I just wanted to mention some of the questions coming up now are dealing again with the concept of the diverse audiences that all of our groups are trying to address. And what we've found at IISD is that it's impossible to do it through the same Web site and through using the same tool. As a cautionary note, if you start developing multiple Web sites for multiple audiences it takes a lot of time and it's not just infrastructure investments, it's staff time and intellectual capital. Because, for instance, the framework that I've developed trying to communicate about sustainable development to NGOs and governments through the SD gateway, we have found to be completely ineffectual in dealing with the business community. So IISD went out and hired a business communications officer who has come up with an entirely different framework on how do you bring together concepts like cleaner production and the natural step and translate those to business audiences. But it takes a lot of time. It's been a lot of trial and error so far. 

C. Broadhag: 

I will speak about those SME problems the day after tomorrow.

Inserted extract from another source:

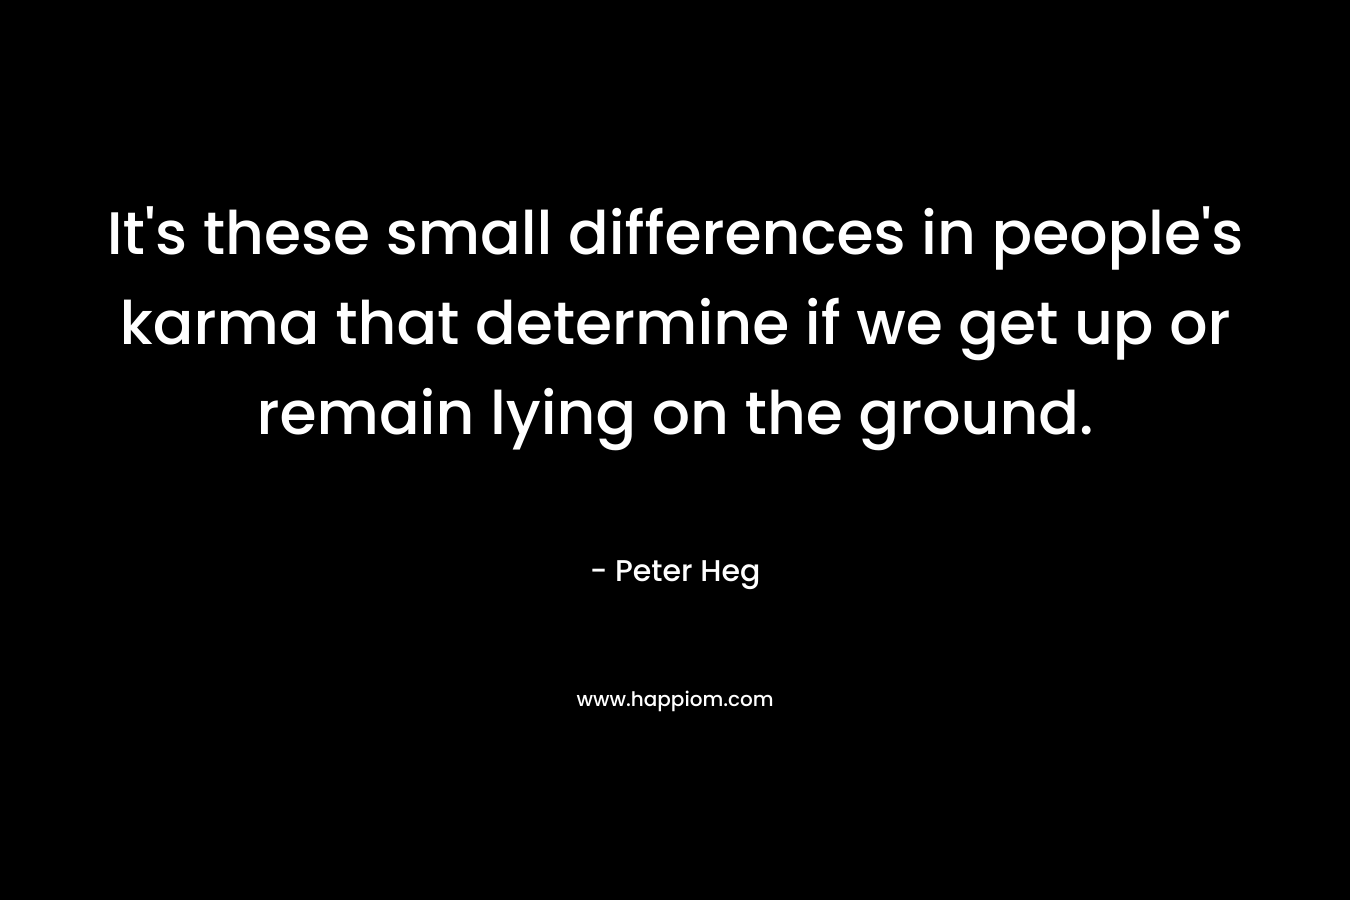 It's these small differences in people's karma that determine if we get up or remain lying on the ground.
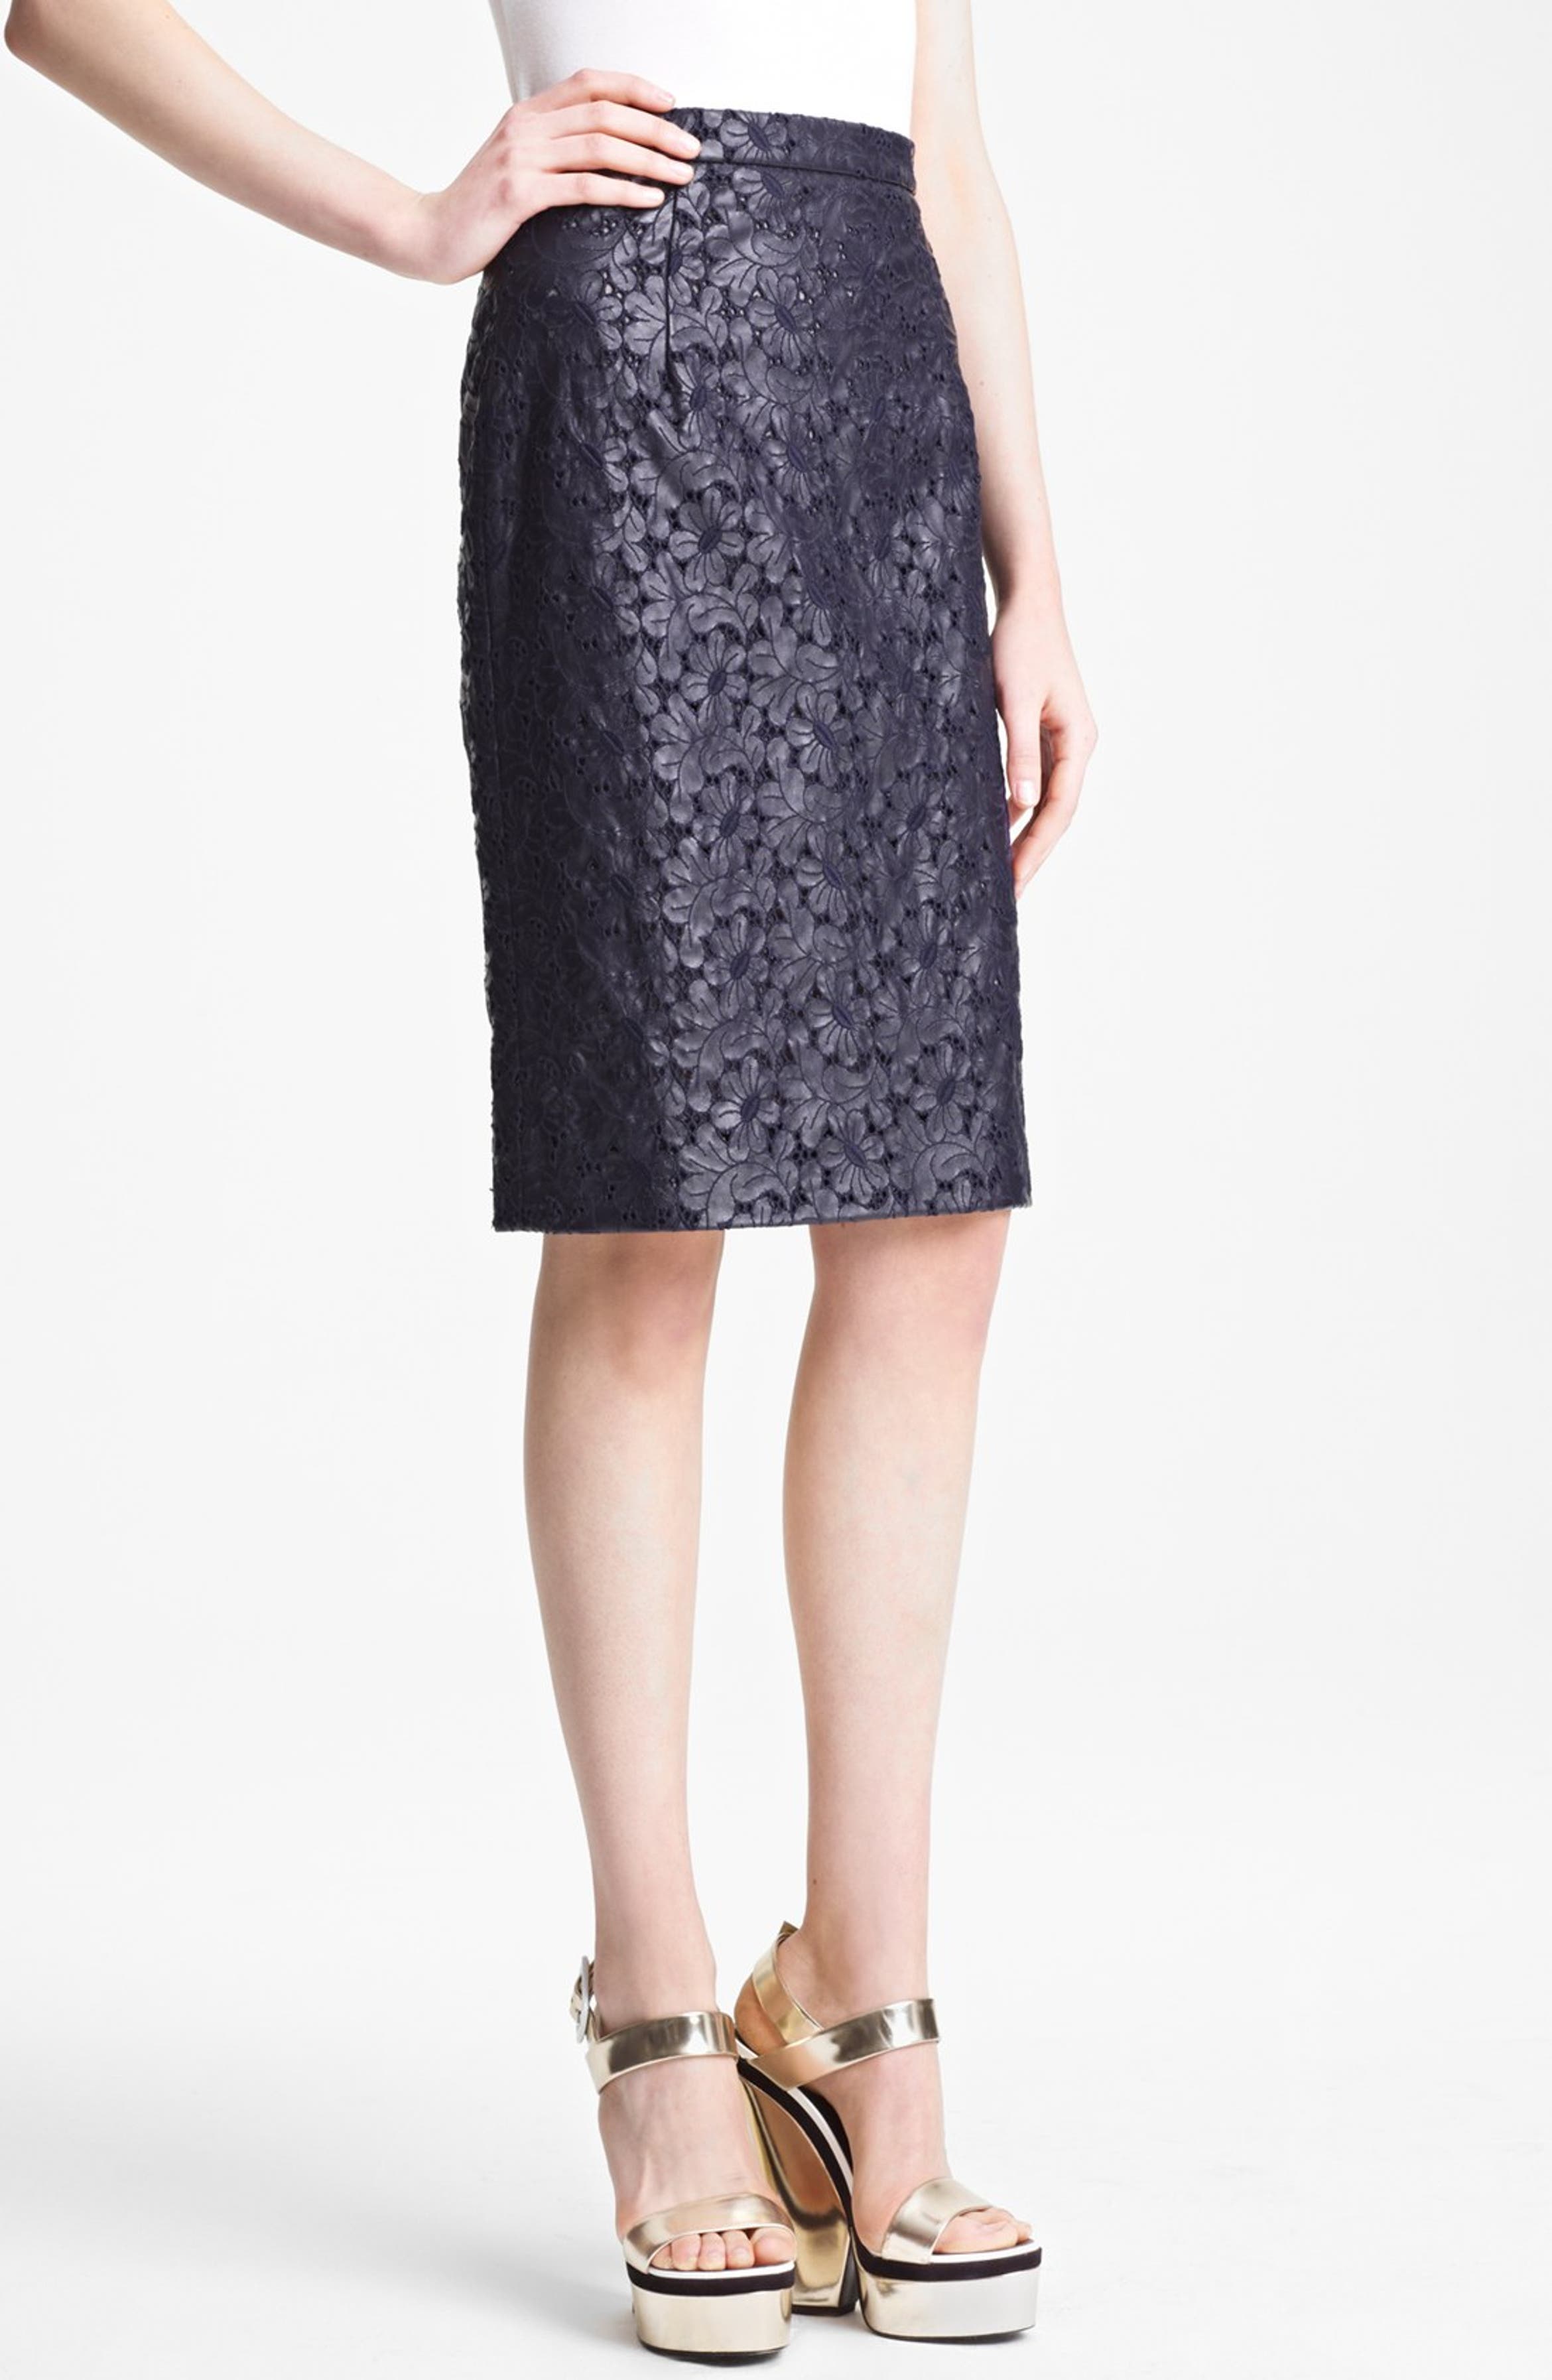 Erdem 'Embroidery Anglais' Faux Leather Pencil Skirt | Nordstrom

But let me comment briefly. 

First is the triple bottom line strategy. We can go forward if we have representation of a win/win strategy. That is, it's not new constraints but it's new opportunities. 

Secondly, we must consider flexibility, or this moves us from constraint to contracts. A contract is a problem of accountability, transparency and relationship with the participating stakeholder process. That is something very new. So you have to “open” the firm. It's mainly cognitive problem. That sort of firm is open, more adaptive and better to have evolution. 

Then there is the problem of size. There is a very big difference between a multinational and a small enterprise. In the small enterprise I think the problem is the same as a local community. We must think about intermediate people. We can take some universal knowledge and put it inside the “local” unit. And the global system cannot address directly the local people. We must think about the organization with a mobilization of intermediate level to the local level.

W. Baker: 

I would like to thank Professor Choucri for having brought together some excellent speakers and some very perceptive questioners. I think Nazli would like to say a word at the end of this workshop.

N. Choucri: 

Thank you for spending the whole day with us here at MIT and thank you for a set of extremely interesting and innovative exchanges. I have actually two or three transparencies to show you simply by way of summarizing where we stand. It goes without saying that everything that is being done here is transitional, dynamic, and changing. This is in large part because the realities out there are transitional and dynamic. 

The issue of partnership I believe is by necessity, not by choice. The necessity is that we all recognize that centralized knowledge and centralized knowledge management is no longer possible. The issues are too complex. We also know that it is difficult to organize any group of people to do anything that they do not deem central to their concern. We have proceeded along “voluntary” principles, which institutions express their views, and arguments in areas of special interest to them. They have responsibility for distribution to knowledge to others. Connection among us all creates “more,” and more depth and diversity.

What I'd like to do by way of concluding this session is to share with you our specific next steps. First, we are in the process of concentrating on enriching GSSD knowledge base through collaboration for specialized inputs. 

Second, we are in the process of putting in place a mirror site in China to use as a platform for China’s own knowledge base and information. The same is being explored in other regions. Every time we establish a mirror site GSSD is expecting reciprocal collaboration and knowledge exchange with other institutes. Because we are operating in the public domain, this type of synergy is possible. 

Our next concern is innovation in the delivery system related to the issue of language. 

Finally, we are looking forward to the discussions as the next two days—at the Symposium on Global Accords for Sustainable Development.—to find ways of better using our combined knowledge.